Sweden's government proposed the pro-cash law in September this year in response to warnings from the national bank over the dangers of going too cashless. The ECB agrees with the reasoning behind the amendments and the law itself but seeks further clarifications.
The "draft law" proposes an amendment to Sweden's existing payments legislation, an update that would see all national bank branches offering cash services, thereby ensuring financial inclusion and resilience against connectivity failures.
"It's more or less the same as not giving so much thought to your health as long as you’re healthy. But once you get sick, it becomes almost the only thing you can think about. Our system for payments is similar..."

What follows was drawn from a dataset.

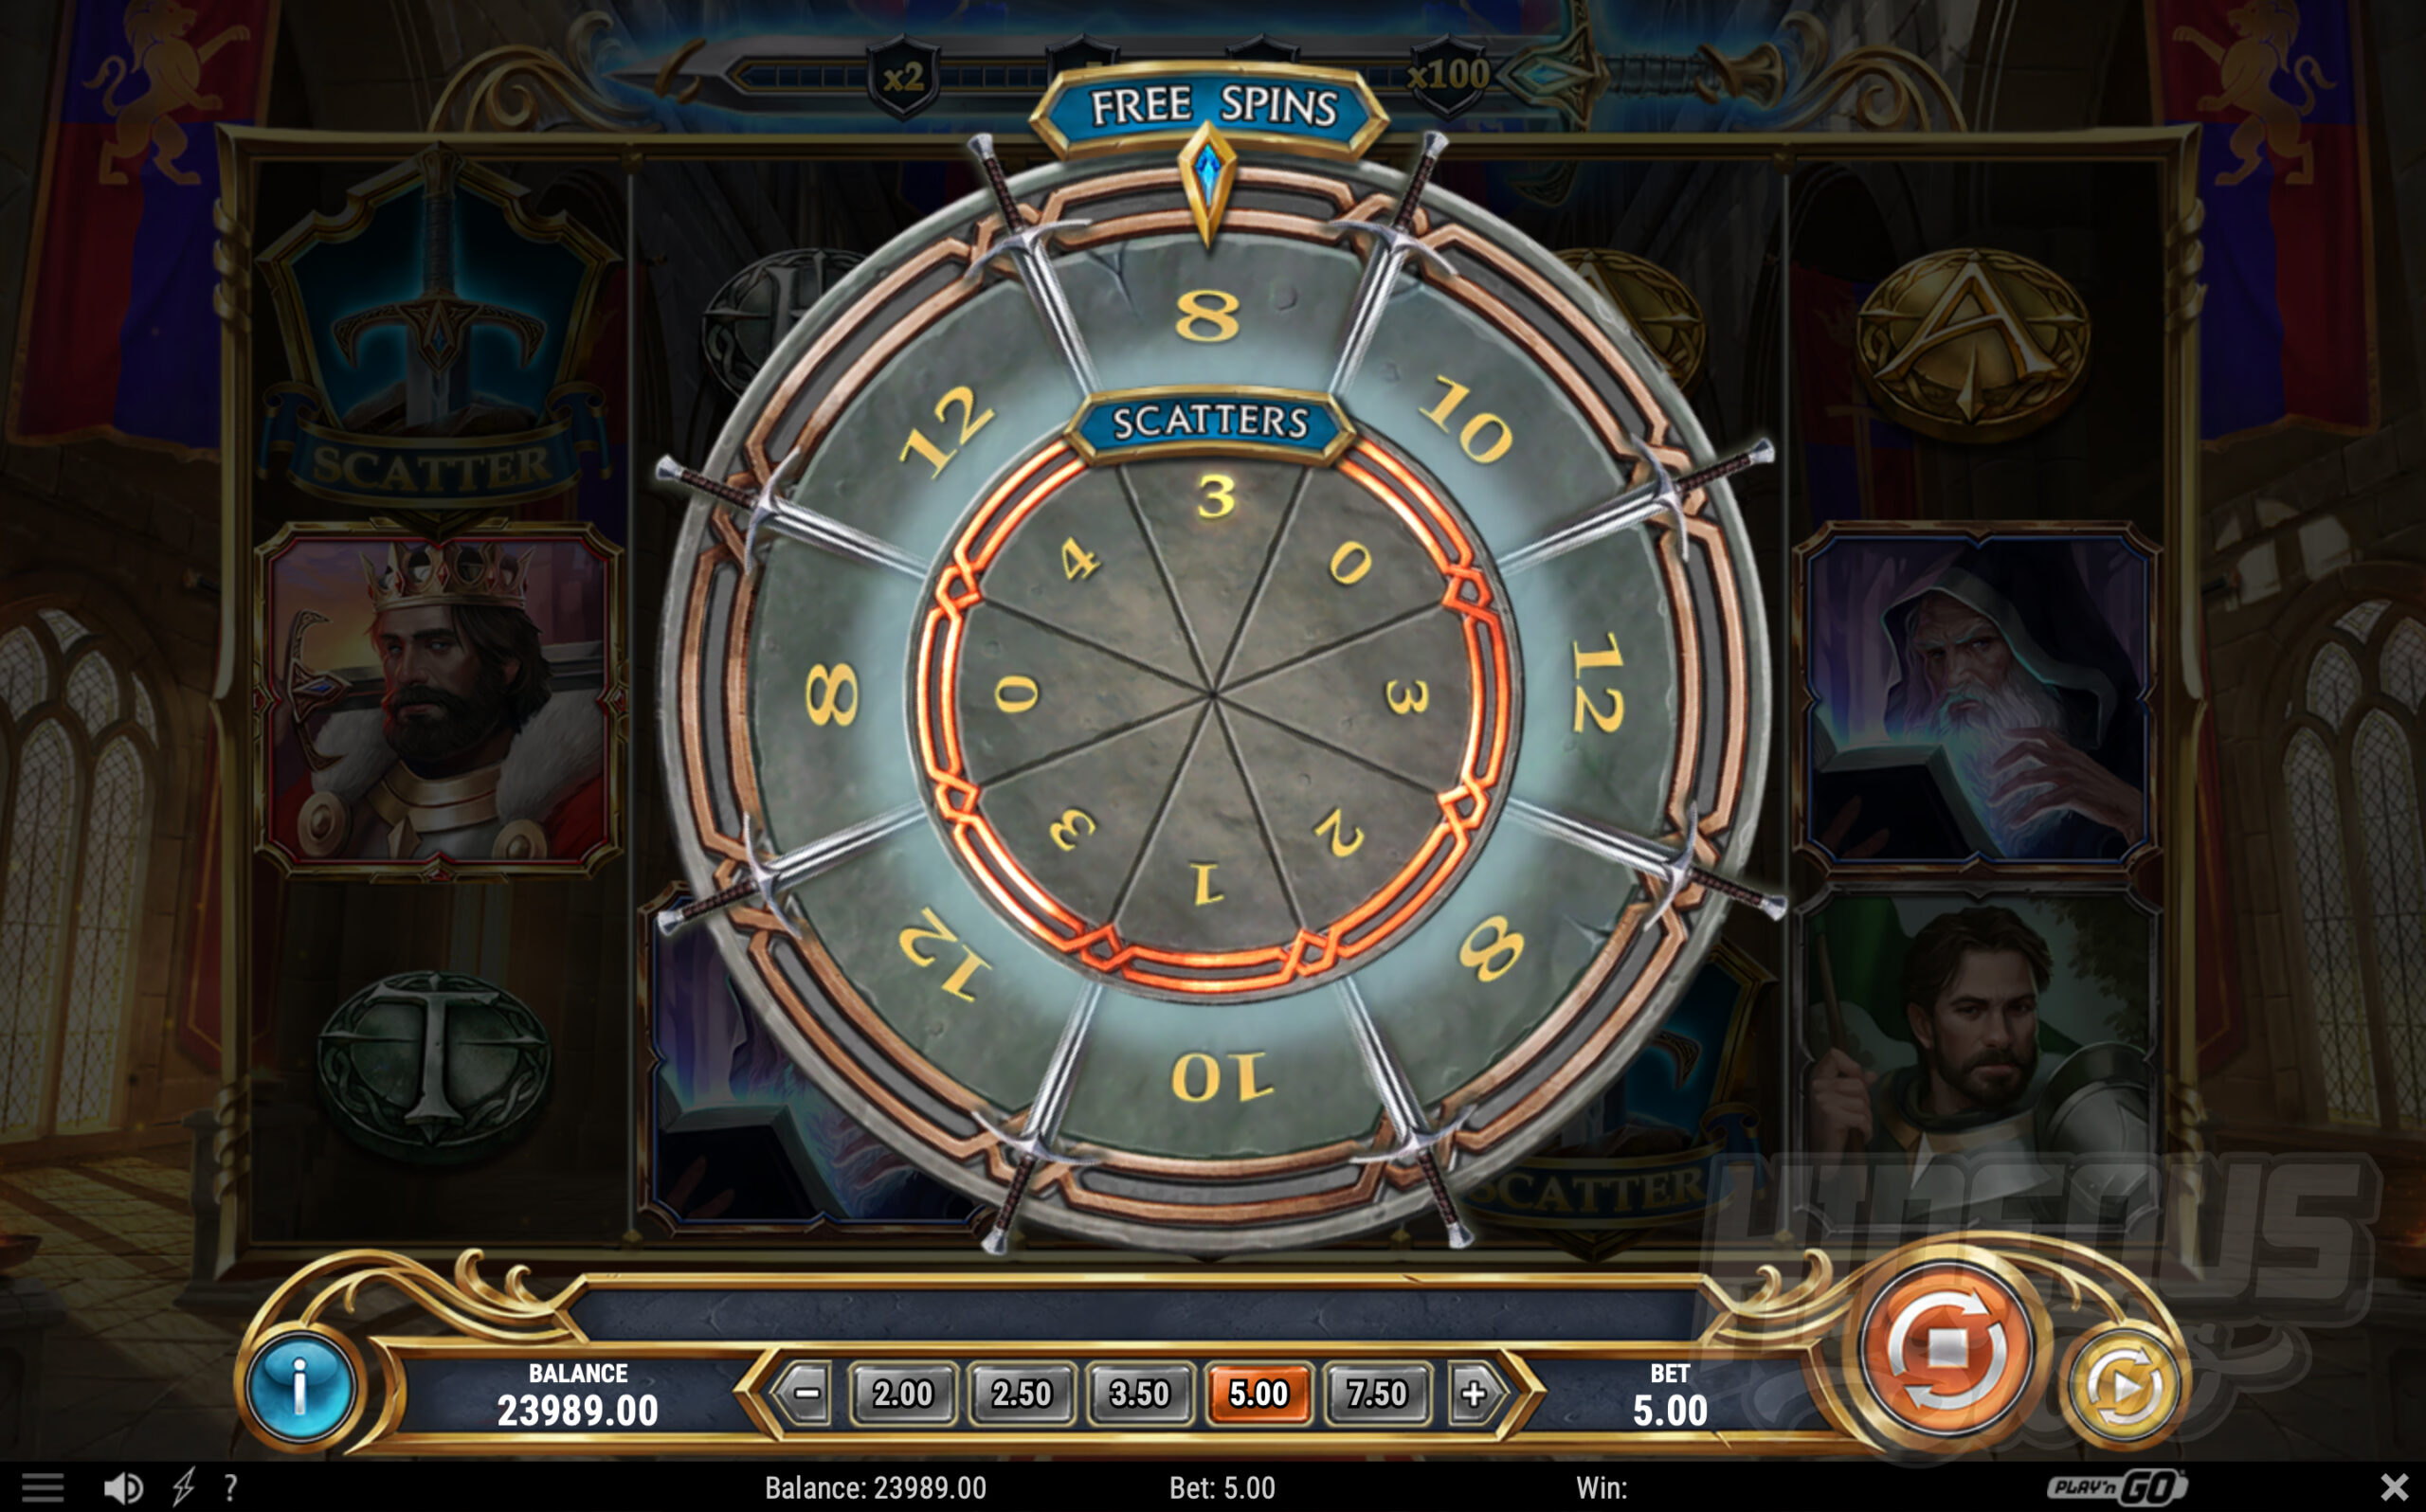 The Round Table Wheel Will Determine the Initial Free Spins and Sword Scatters

Warnings came primarily from Sveriges Riksbank, the central bank that expressed a desire for an obligation to accept cash backed by own findings on the irreplaceable role cash holds for the tech-averse and as a backup to electronic payments.
Ultimately, the ECB welcomes Sweden's law amendments but hopes for clarification on how the law would impact foreign bank branches across the country.
"The ECB also welcomes the core objectives of the draft law, namely to facilitate the continued use of cash in Swedish society by ensuring an adequate level of access to cash services throughout Sweden."
Time will tell if those following Sweden's cashless example will also take note of Sweden's recommitment to safeguarding cash, now that the European Central Bank welcomes the move. After all, encouraging advancement in FinTech should never be at the expense of giving up the only truly universal and resilient payment form.